Curricular Unit:Code:
Community Intervention Models1006MICO
Year:Level:Course:Credits:
2CTSPGerontology and Community Intervention5 ects
Learning Period:Language of Instruction:Total Hours:
Winter SemesterPortuguese/English65
Learning Outcomes of the Curricular Unit:
At the end of the semester, students should be able to:
1. To describe needs in a community
2. To identify intervention participants and possible settings .
3. To set goals and objectives
4. To select an intervention that will most appropriately address goals and objectives and meet the needs of participants, using evidence-based strategies to change criminal behaviour
5. To evaluate the success of an intervention
Syllabus:
1. Social intervention in communities
2. Community workers: profile and roles
3. Community intervention Values
4. Empowerment
5. Community Intervention: Process and phases
6. Specific Community intervention programs focused on the elderly
Demonstration of the Syllabus Coherence with the Curricular Unit's Objectives:
Syllabus contents focus on specific theoretical issues, allowing promoting the acquisition and integration of concepts, models and theories, methods and strategies for community avaliation and intervention.
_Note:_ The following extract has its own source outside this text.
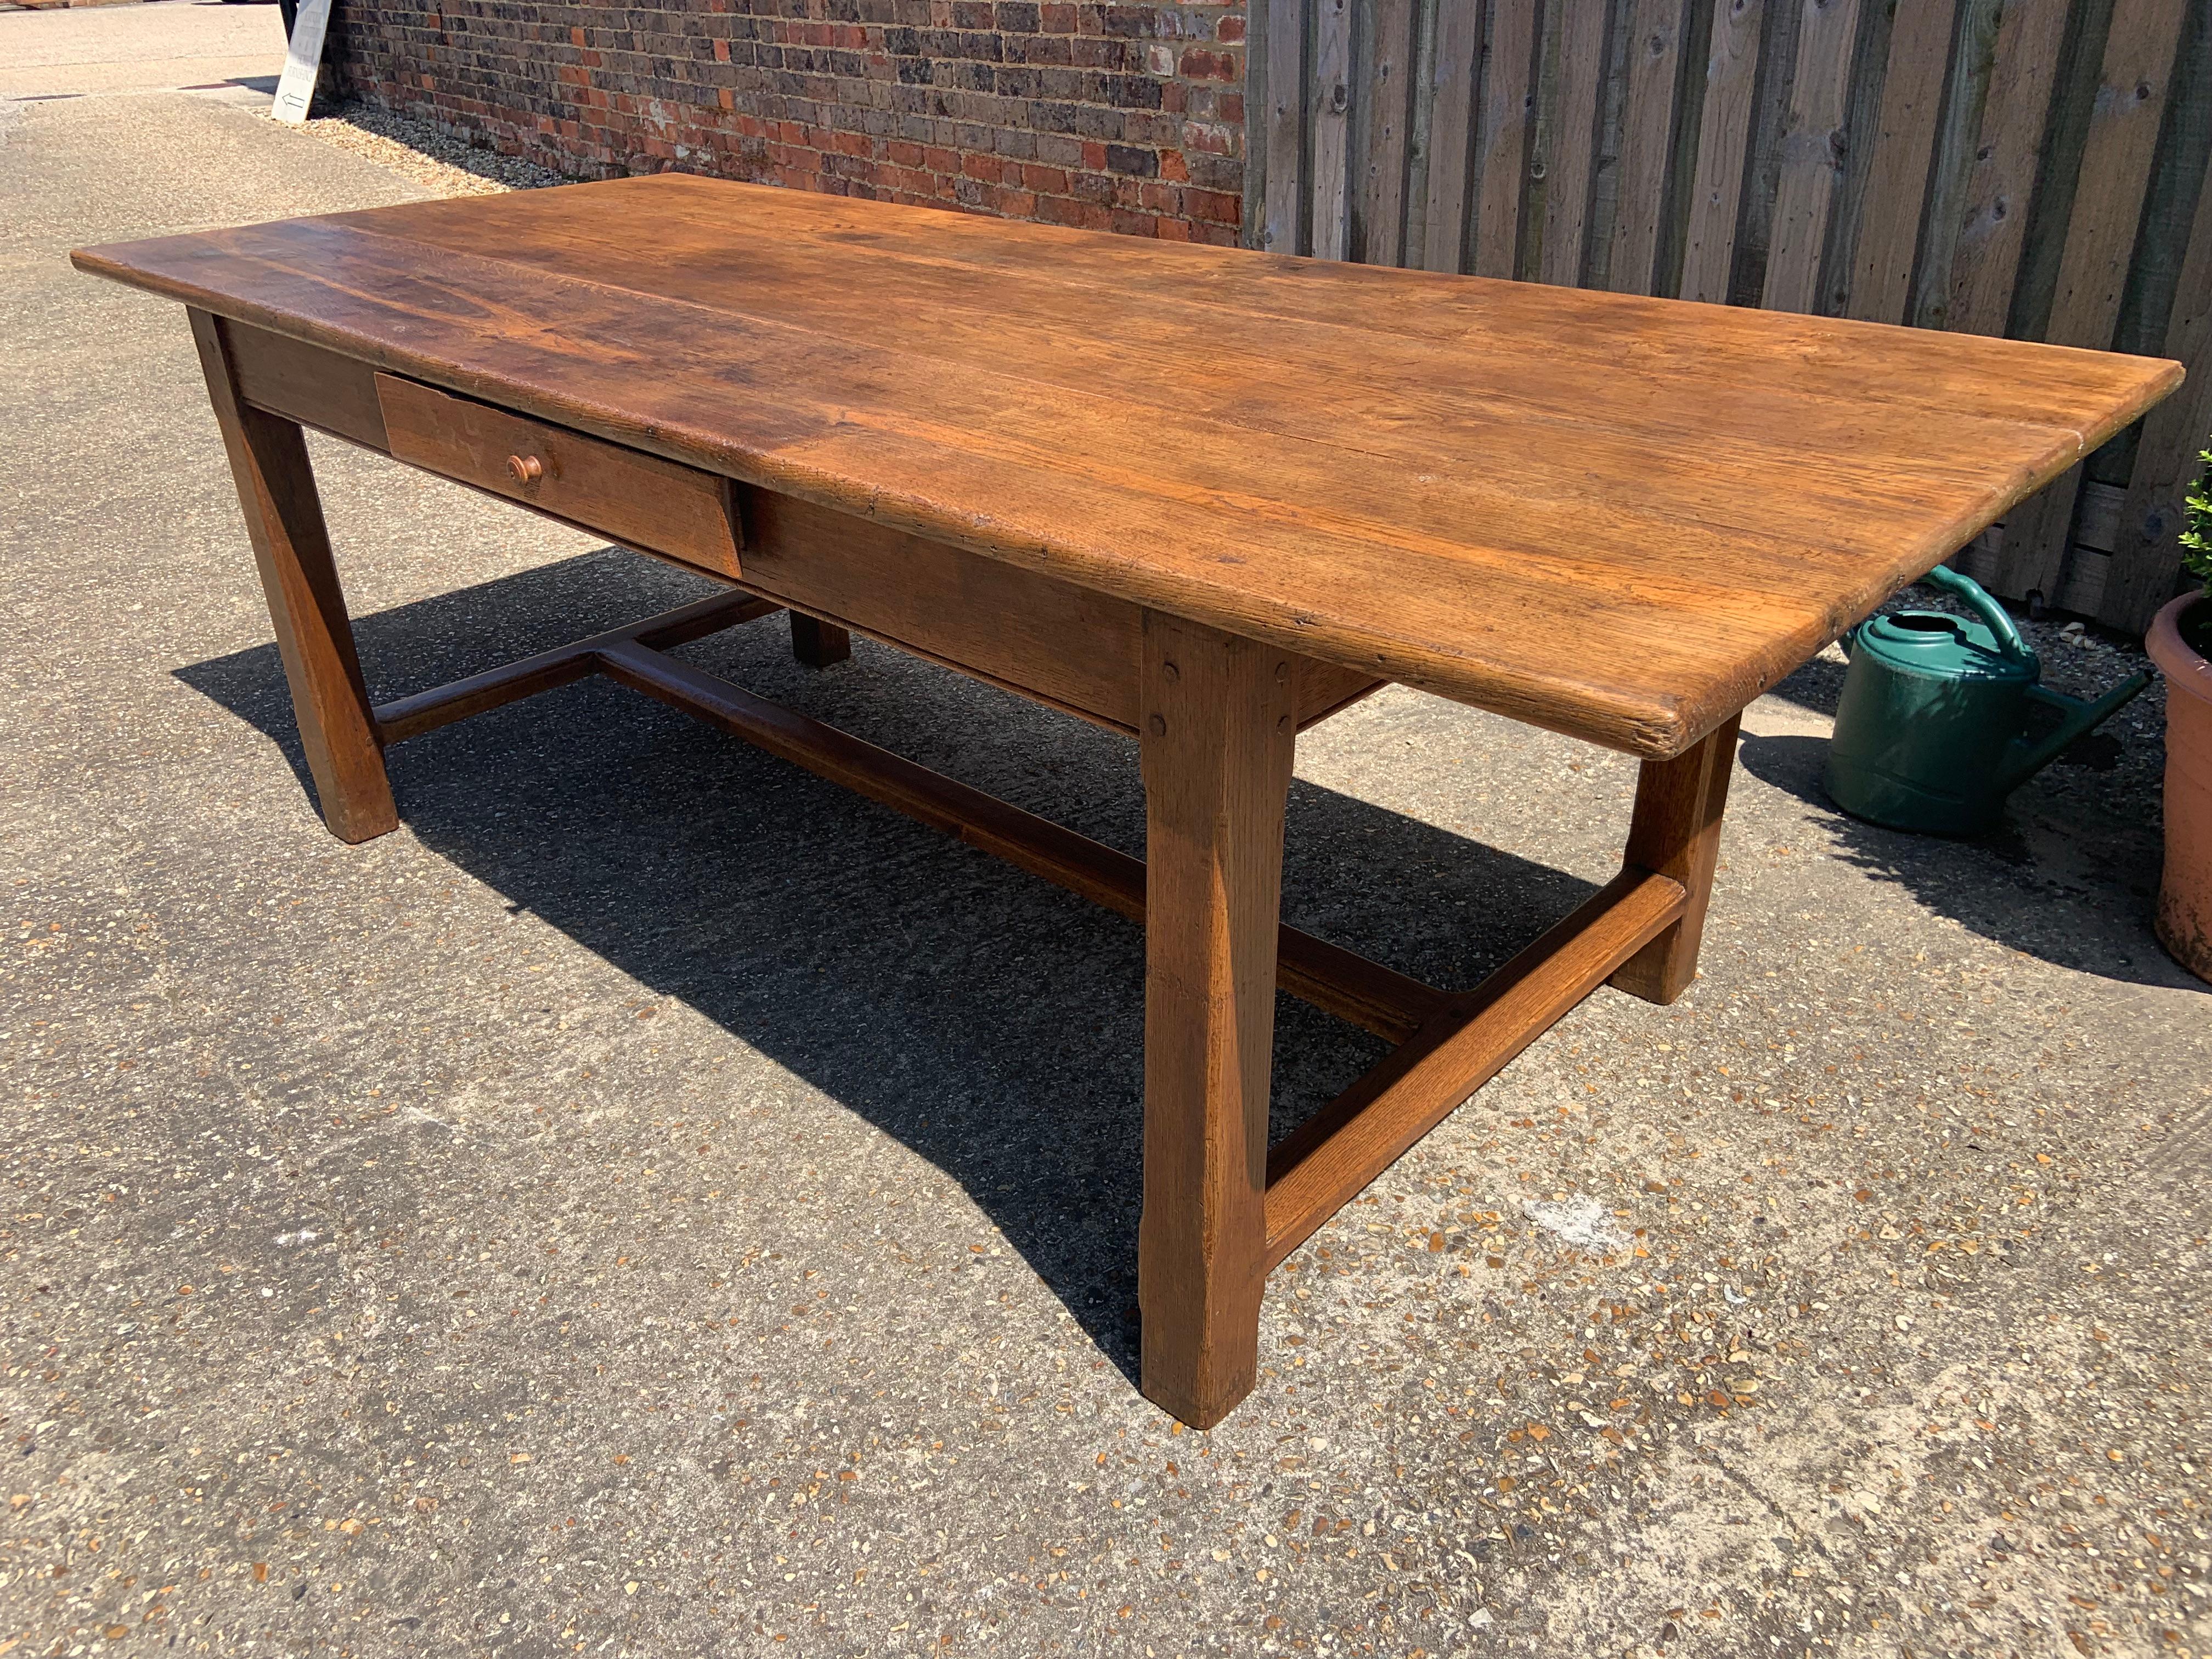 Early 19th century oak farmhouse table with lovely wide three plank top and side drawer. Table sits on a stretcher base.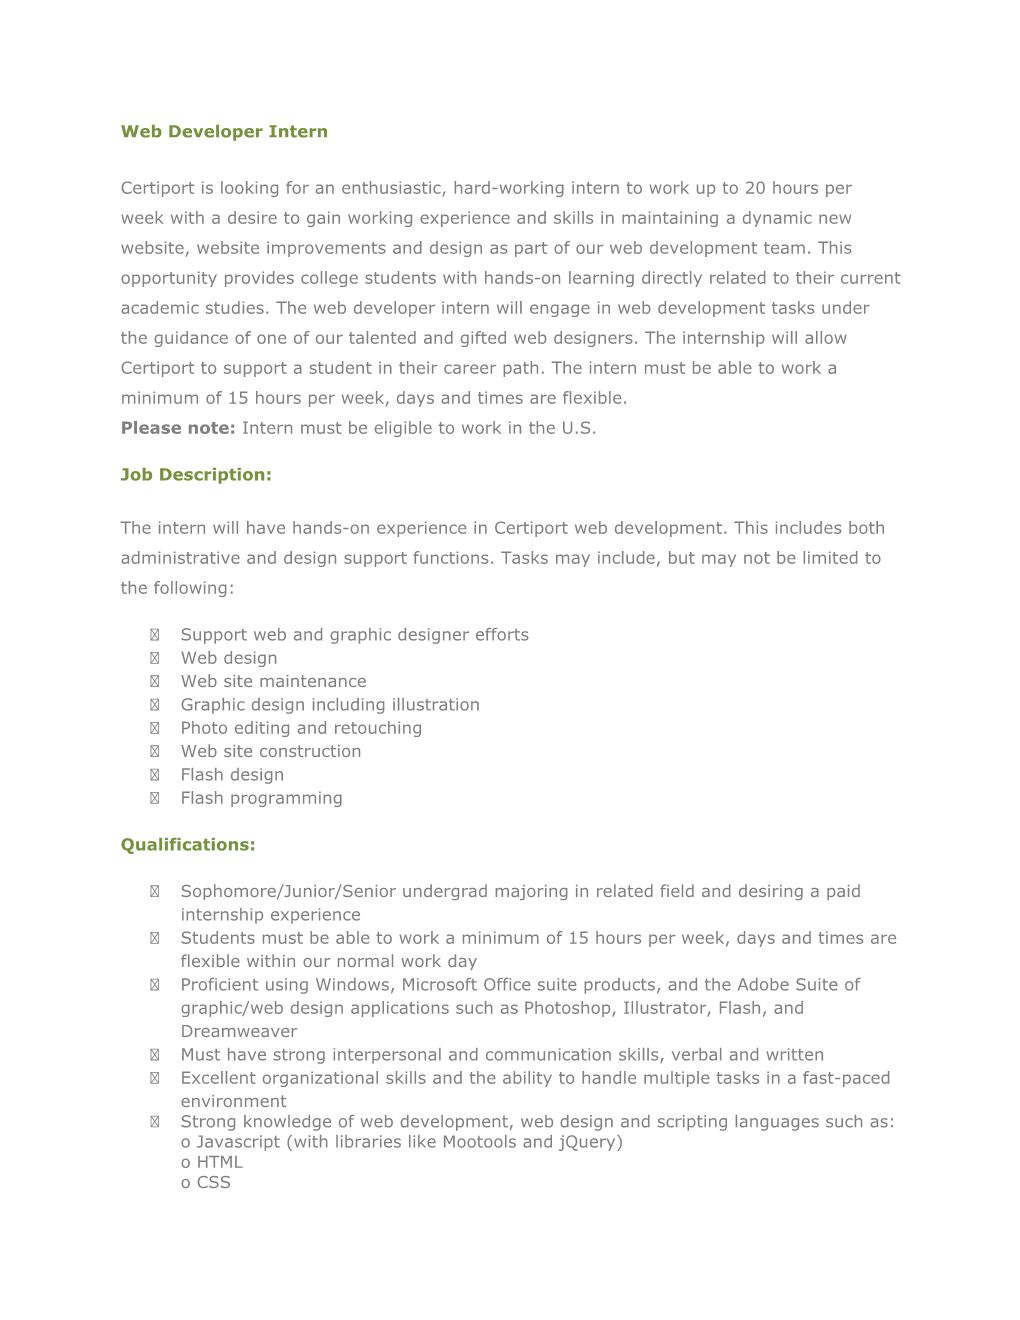 Web Developer Intern Certiport Is Looking for an Enthusiastic, Hard

It also allows to integrate knowledge, skills and abilities to conduct a technical and ethical behaviour, as well as the main techniques and methodologies used in this area, to select an apply strategies, and be autonomous in professional practice.
Teaching Methodologies (Including Evaluation):
Explanatory and active/participatory methodologies are adopted, with exploration of prevention programs reports conducted by students, visualization and discussion of videos of prevention programs in the field of crime and delinquency, and promotion of critical debates in the classroom.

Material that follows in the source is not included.